*** Provided material Section Begins ***

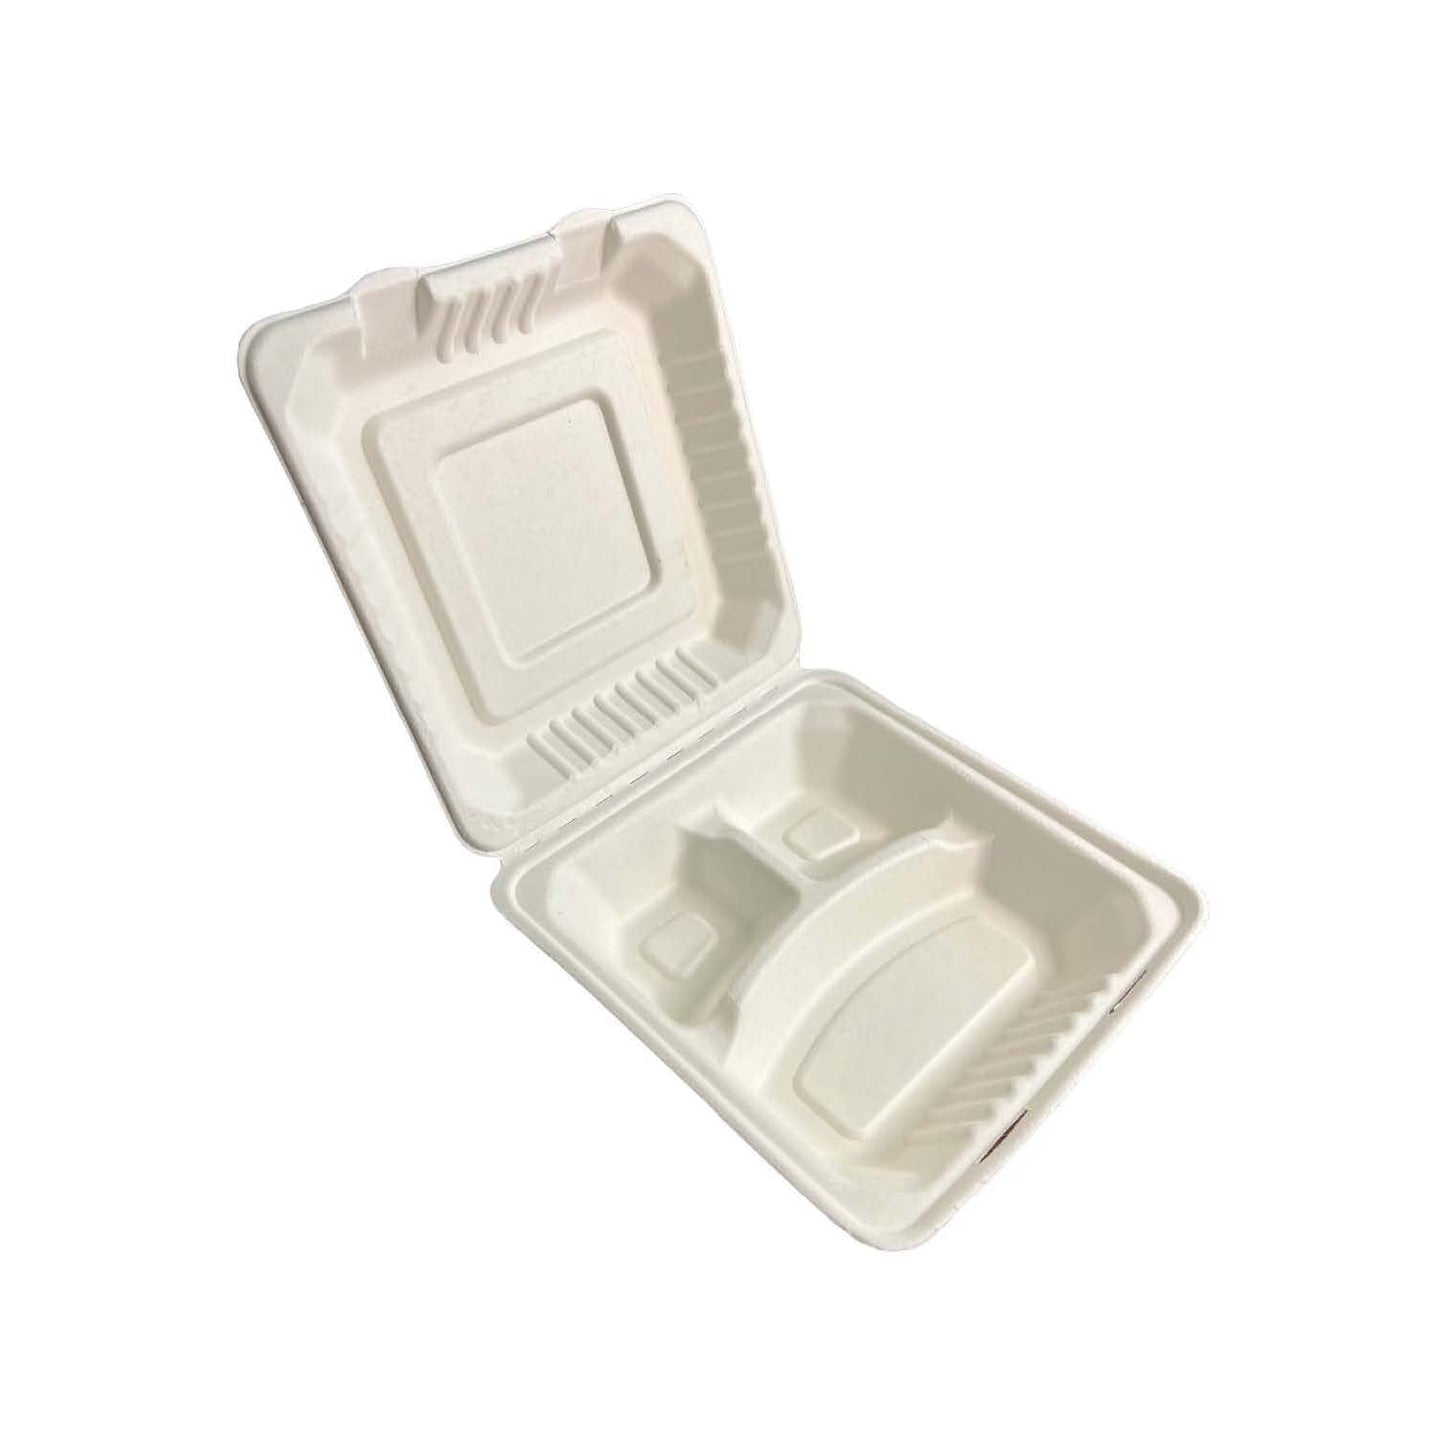 8x8 - 3 compartment Ecoware Clamshell
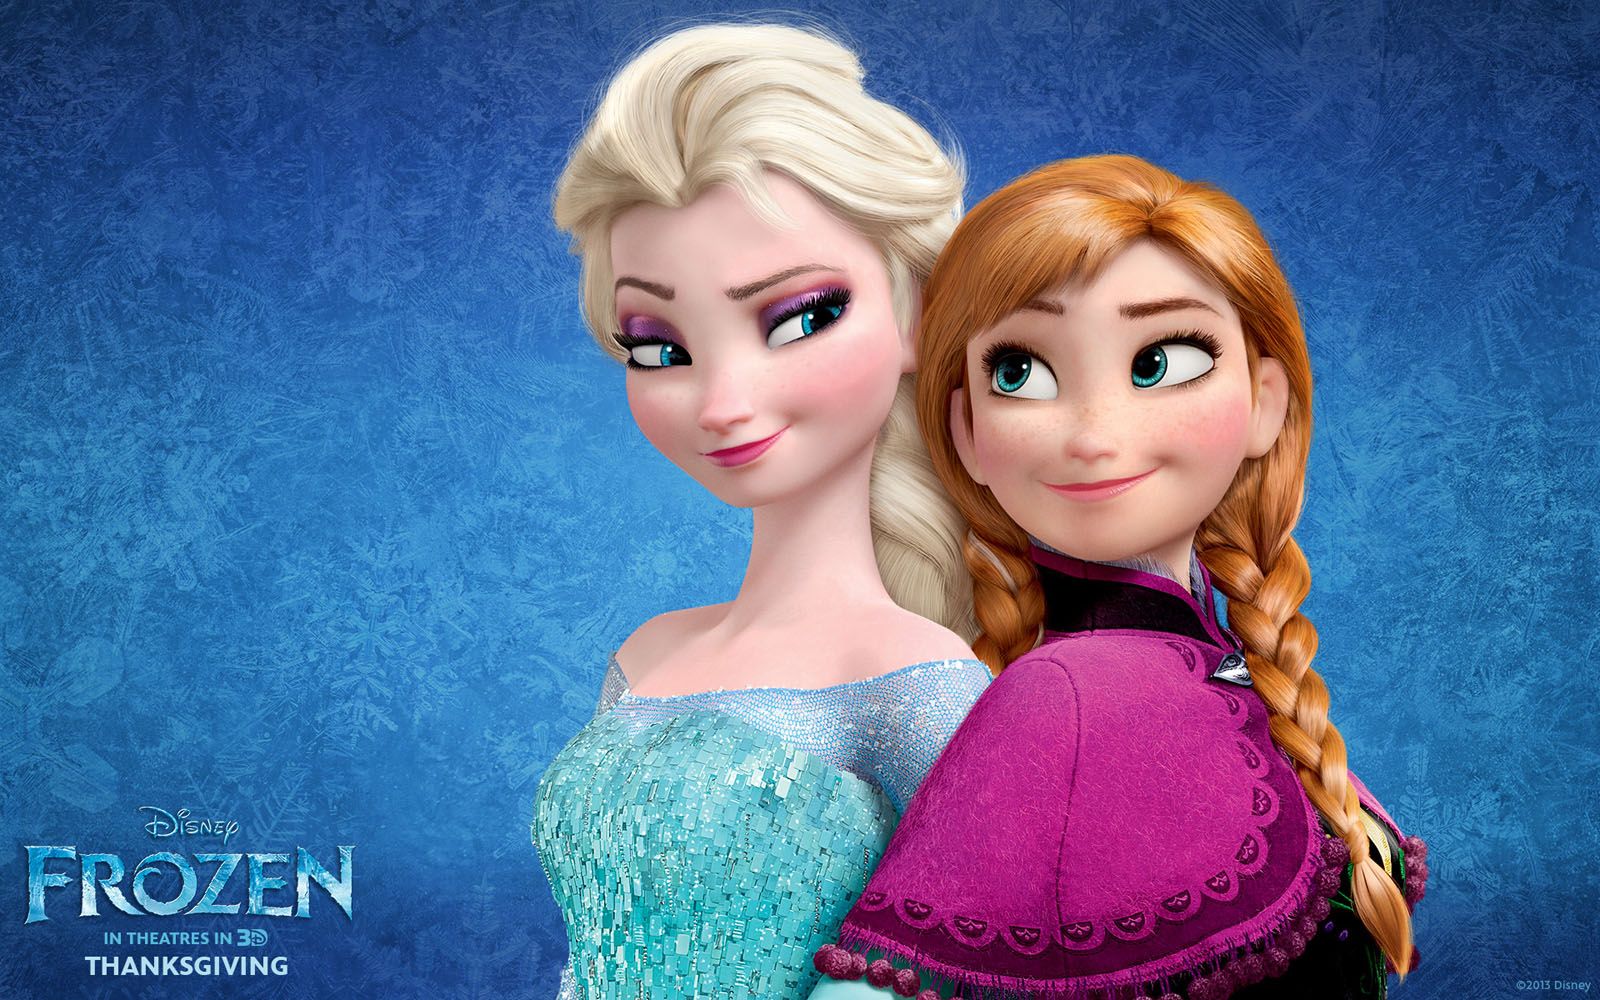 Disney Frozen Character designs, Wallpaper and Trailers from latest animation movie
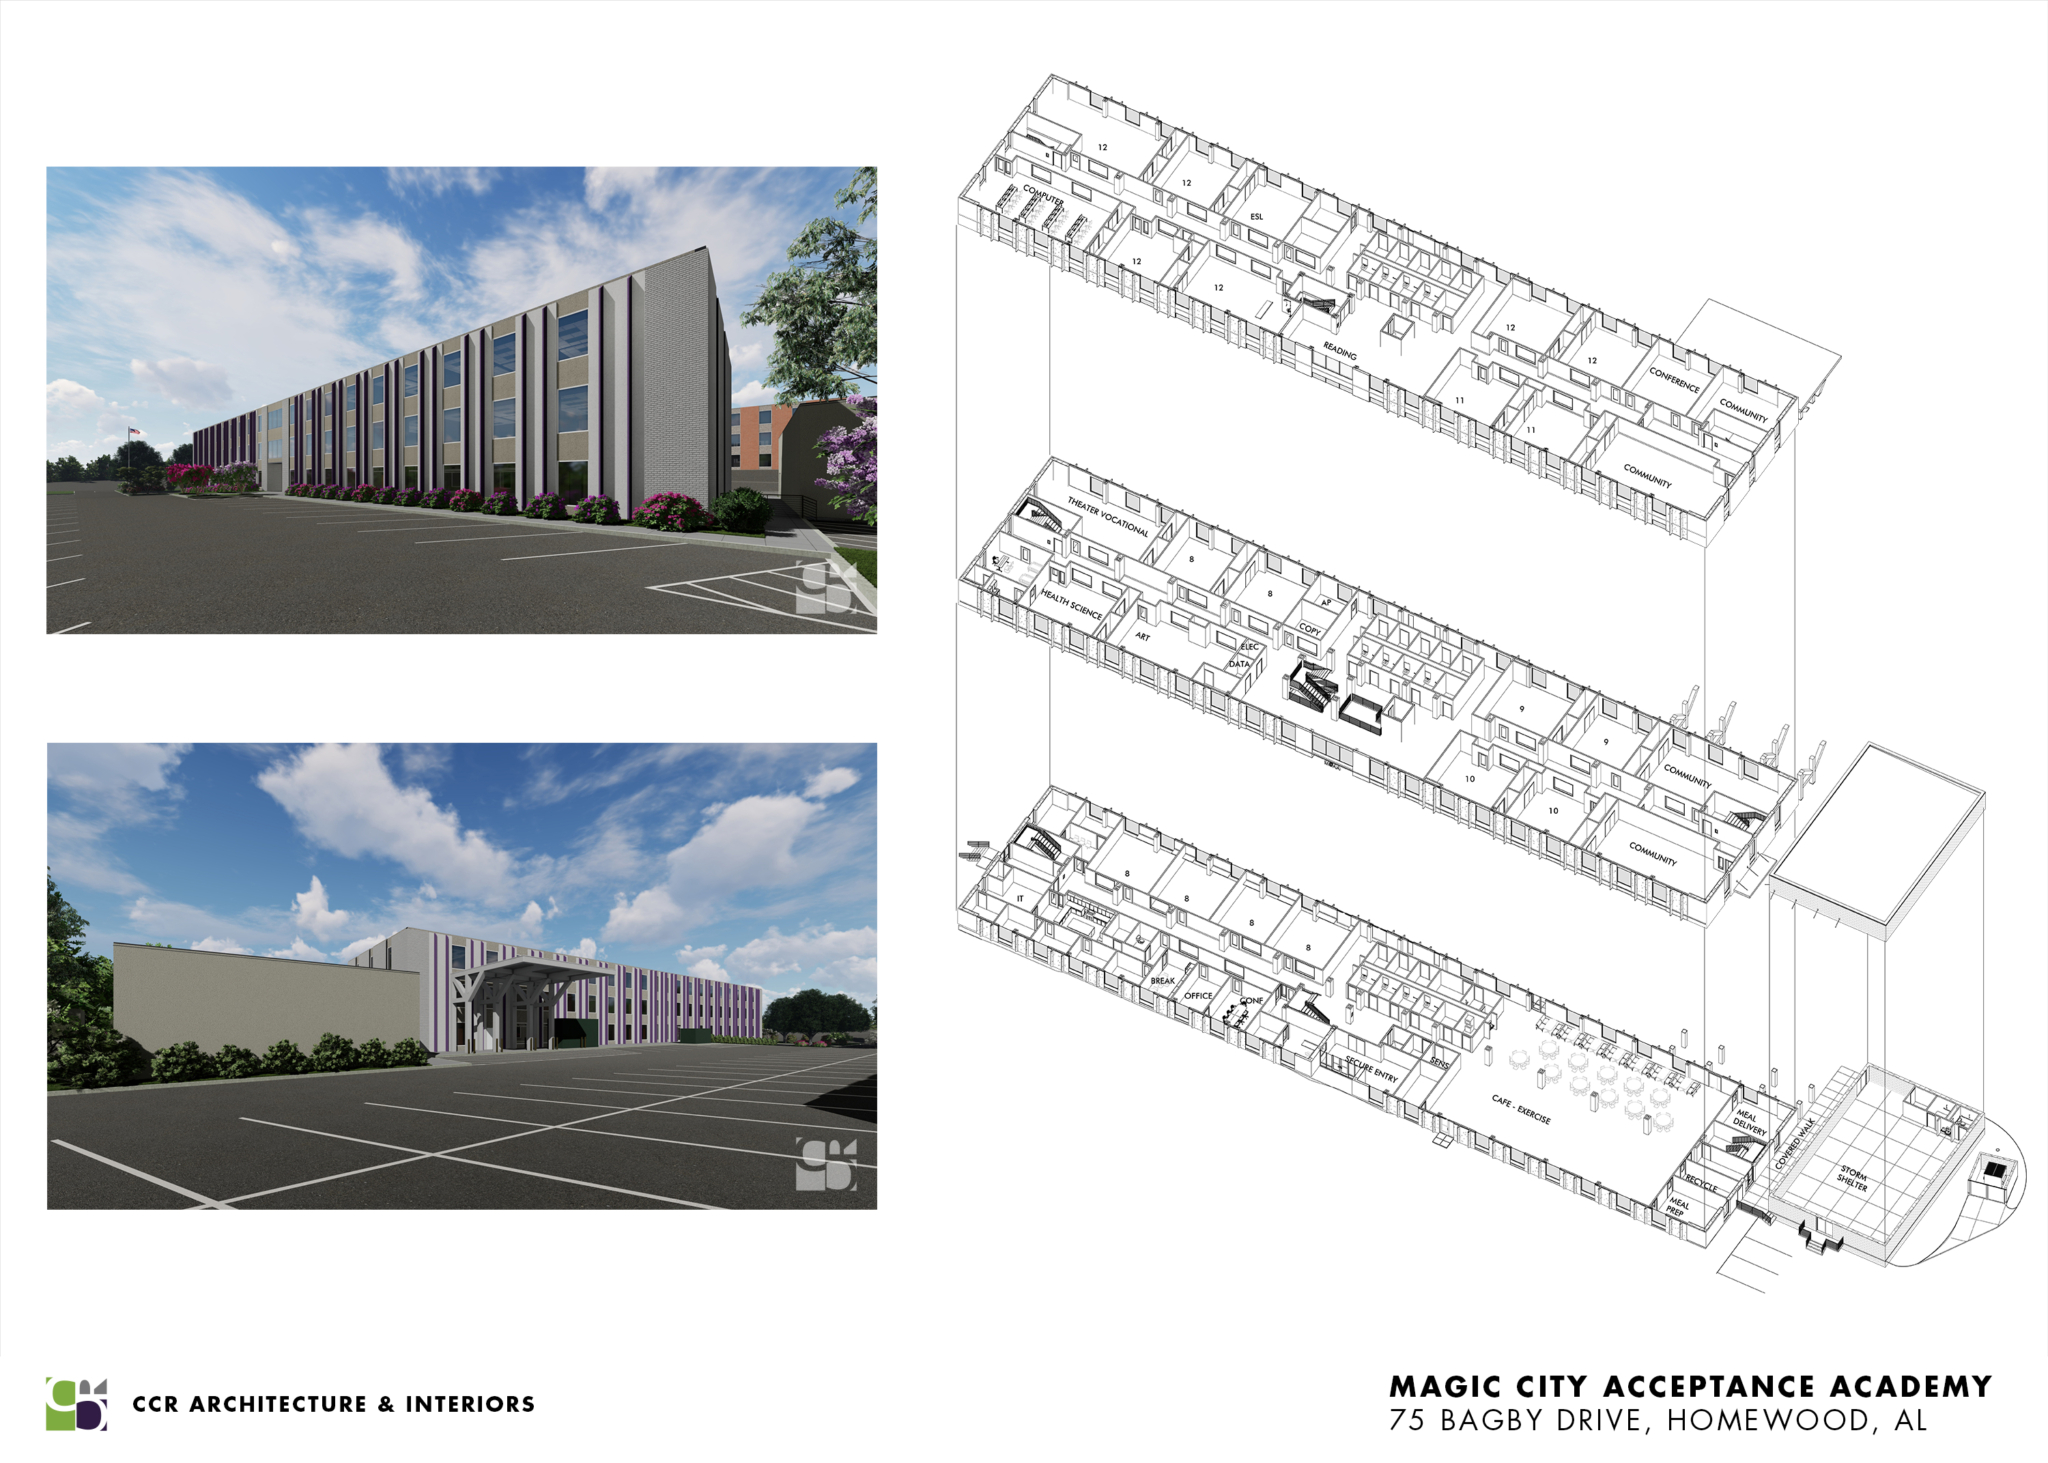 Board3 v2 Homewood's Magic City Acceptance Academy breaks ground and barriers
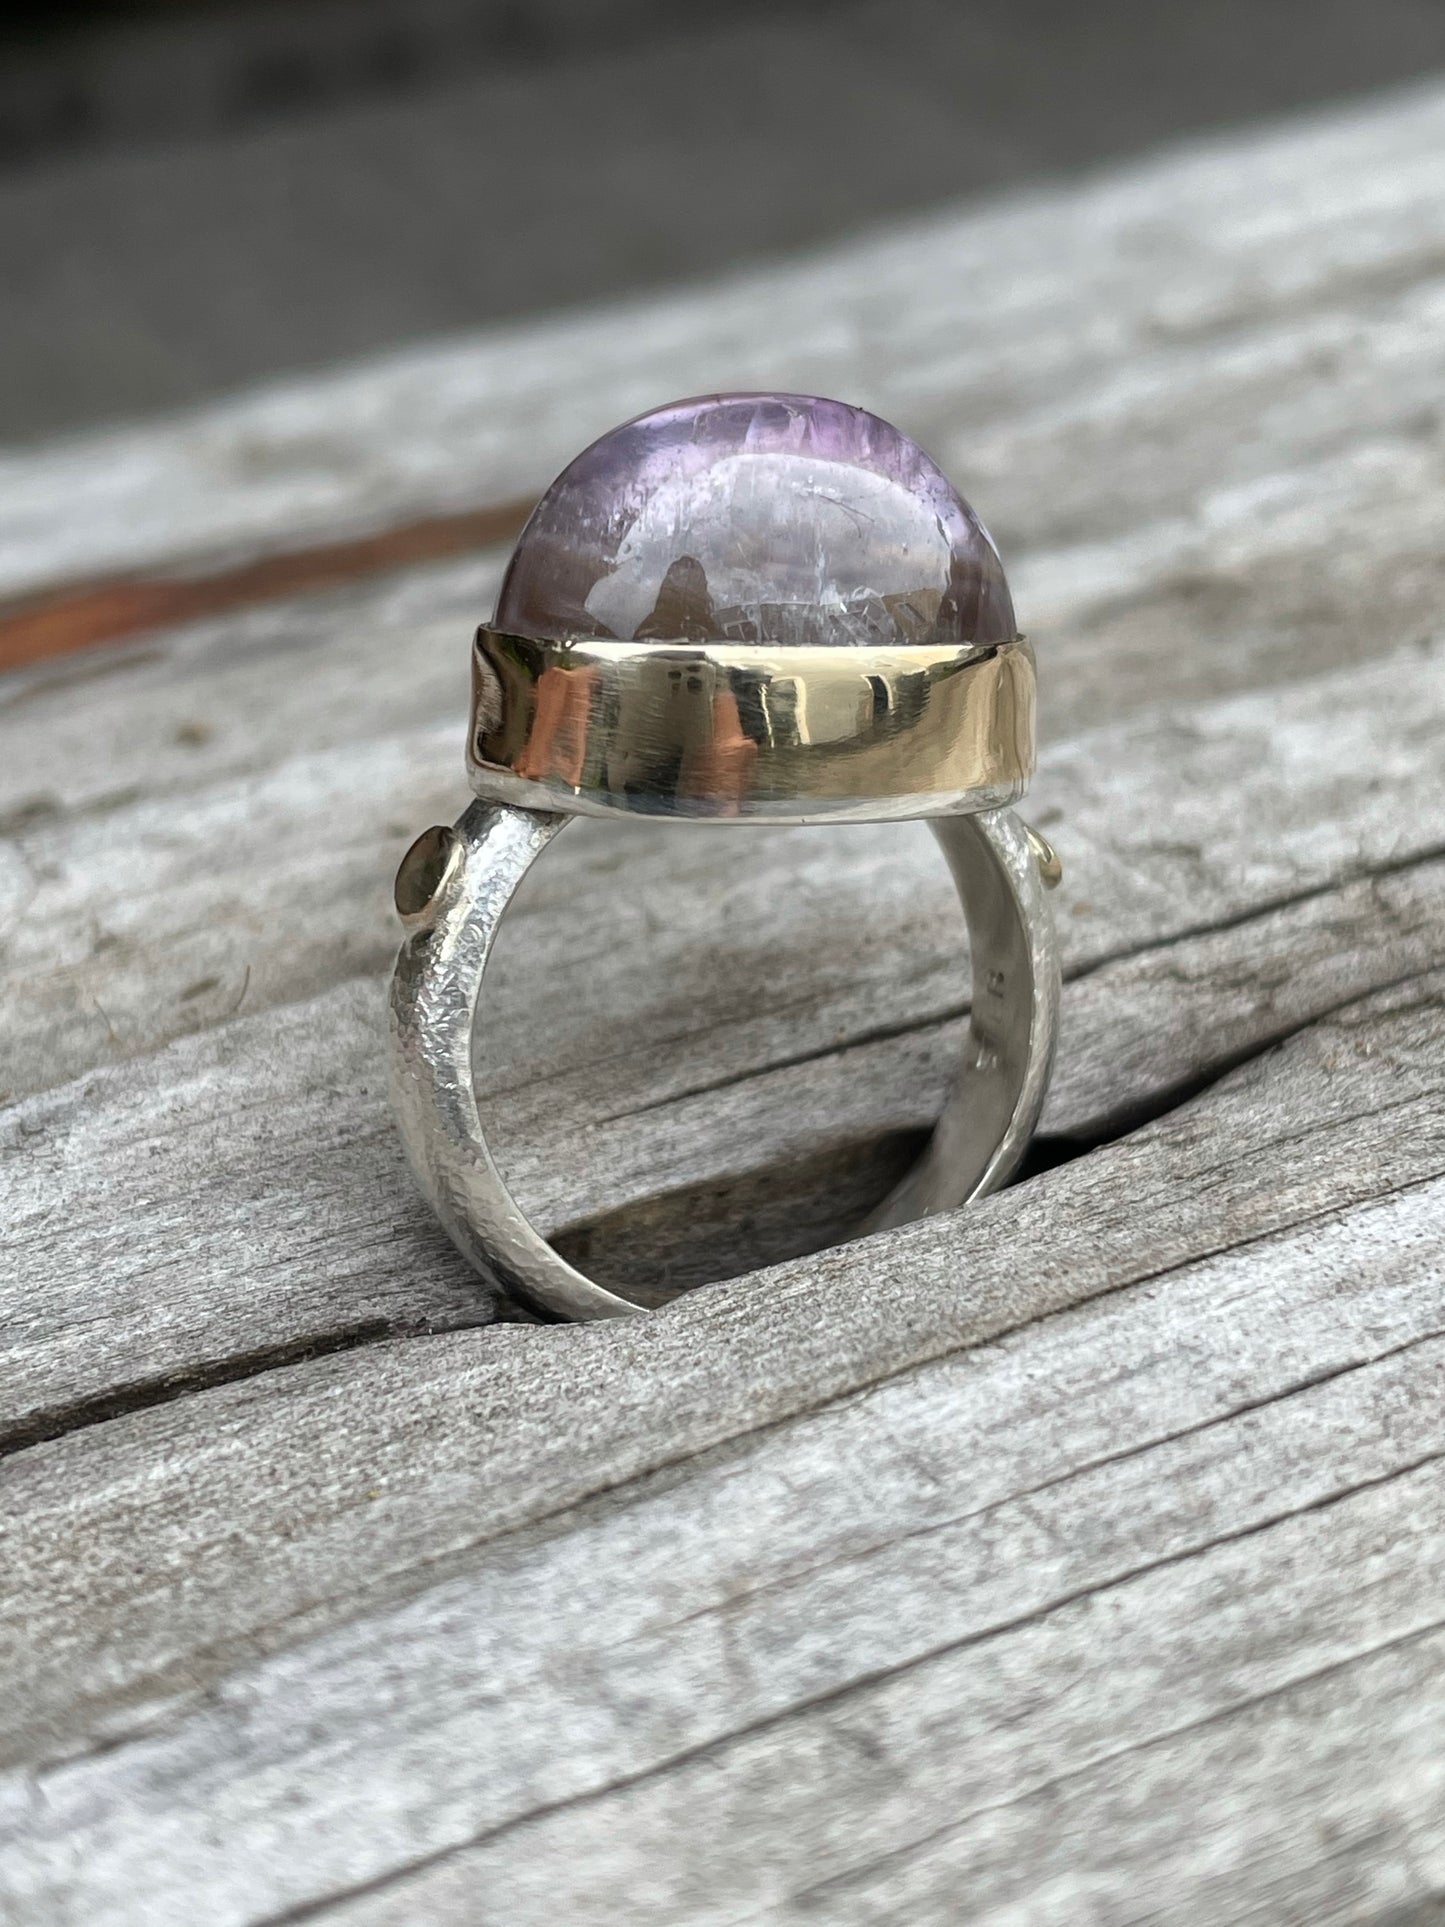 a side view of this purple domed ring with a gold band and a silver shank sits in a piece of grey drift wood

*** Provided material Section Ends ***

## Task prompt
Please repeat, exactly as written, only the lines from the line with "Disney Frozen Character" to the end of the data, leaving out every picture.

## Worked solution
 Disney Frozen Character designs, Wallpaper and Trailers from latest animation movie
 Board3 v2 Homewood's Magic City Acceptance Academy breaks ground and barriers
 a side view of this purple domed ring with a gold band and a silver shank sits in a piece of grey drift wood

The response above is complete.